[[ EXCERPTED DATA, beginning ]]

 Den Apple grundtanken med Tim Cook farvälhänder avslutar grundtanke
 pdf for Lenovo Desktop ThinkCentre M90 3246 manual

[[ EXCERPTED DATA, end ]]
[[ EXCERPTED DATA, beginning ]]

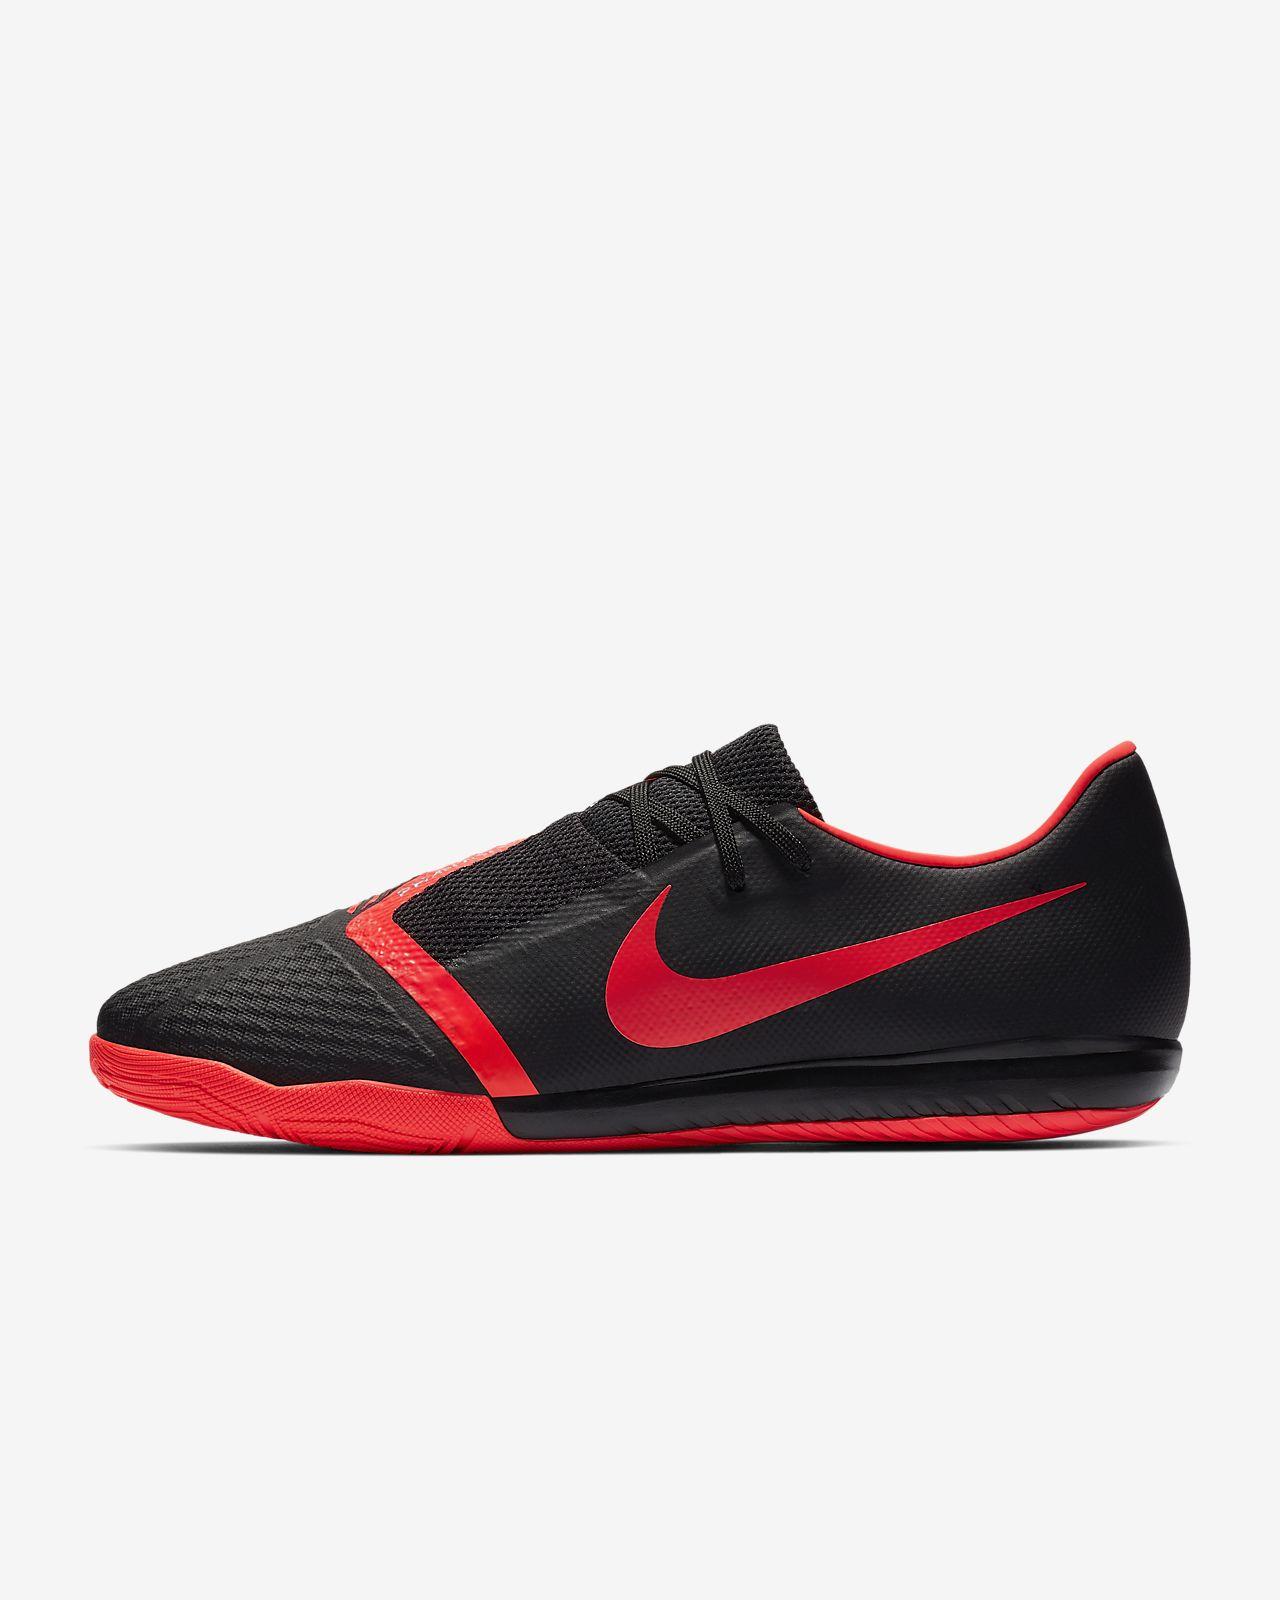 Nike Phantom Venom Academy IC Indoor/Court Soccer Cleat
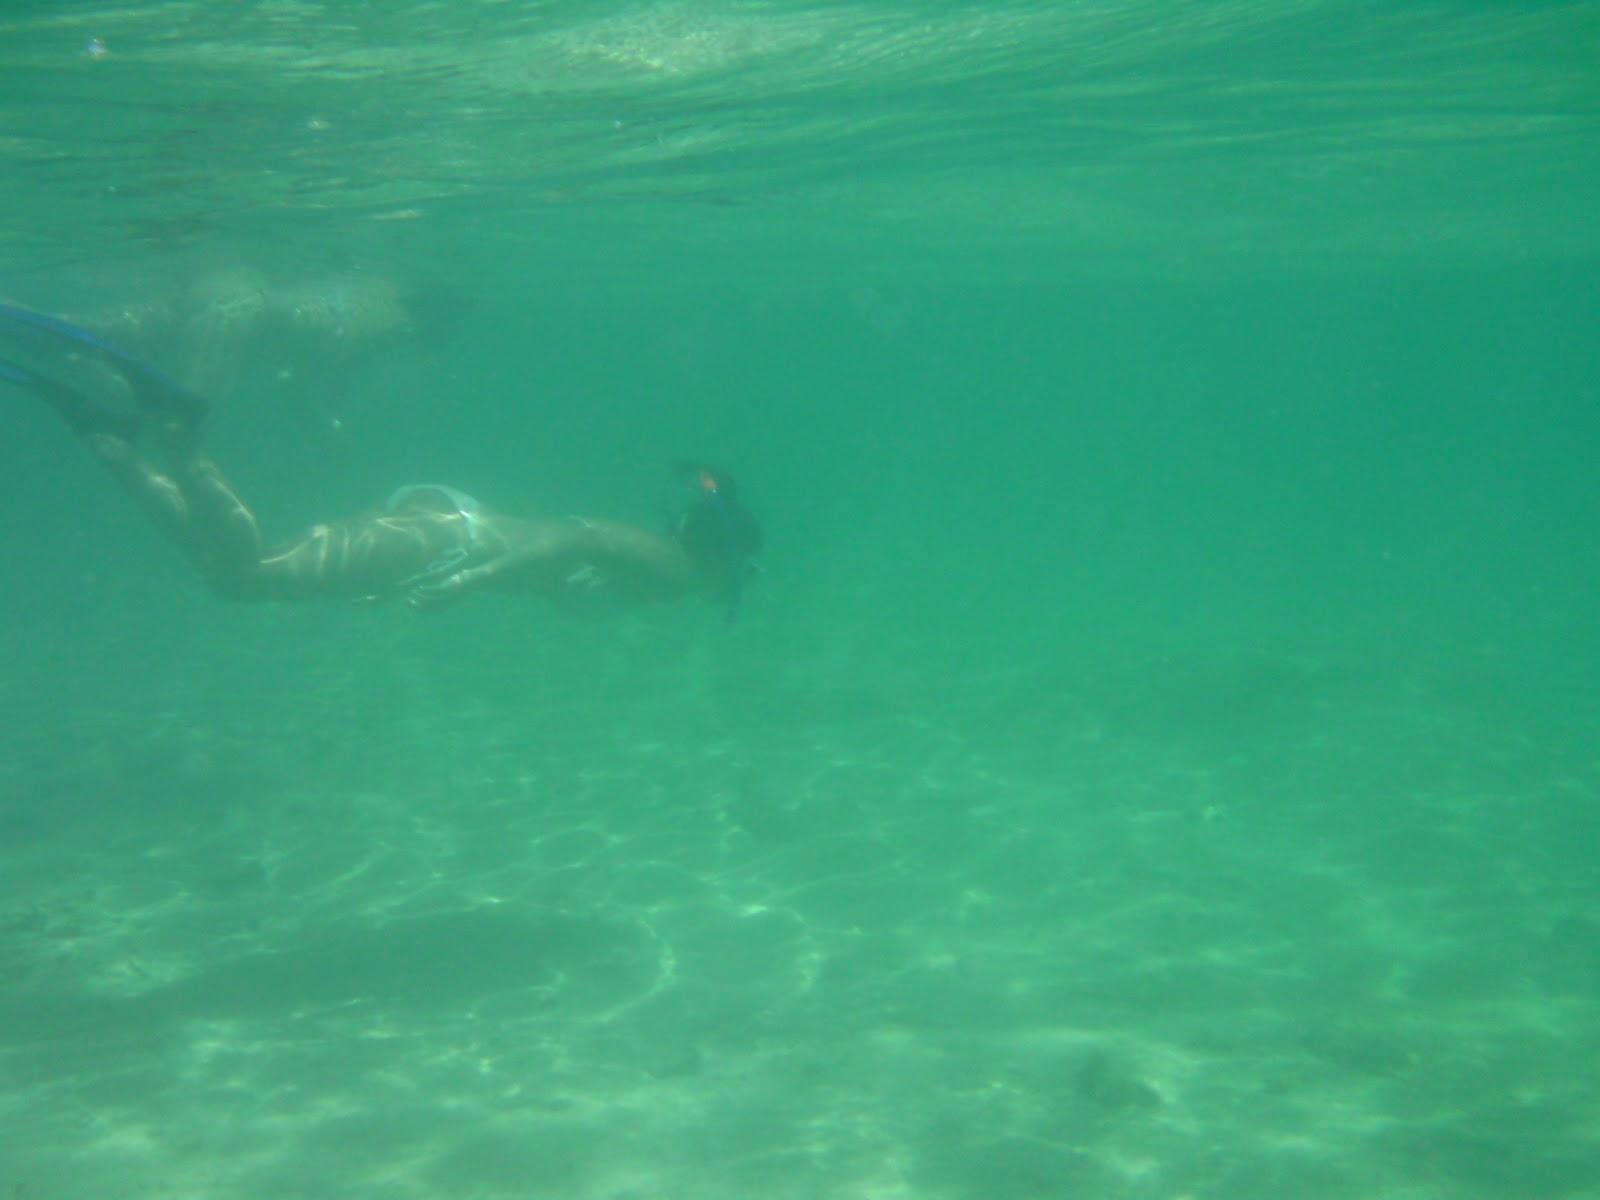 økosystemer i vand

[[ EXCERPTED DATA, end ]]

-- DESCRIPTION OF THE TASK --
Copy out only the lines of the records above from the one with "Den Apple grundtanken" through the one with "pdf for Lenovo", exactly as they stand, both included.

-- ANSWER BELOW --
 Den Apple grundtanken med Tim Cook farvälhänder avslutar grundtanke
 pdf for Lenovo Desktop ThinkCentre M90 3246 manual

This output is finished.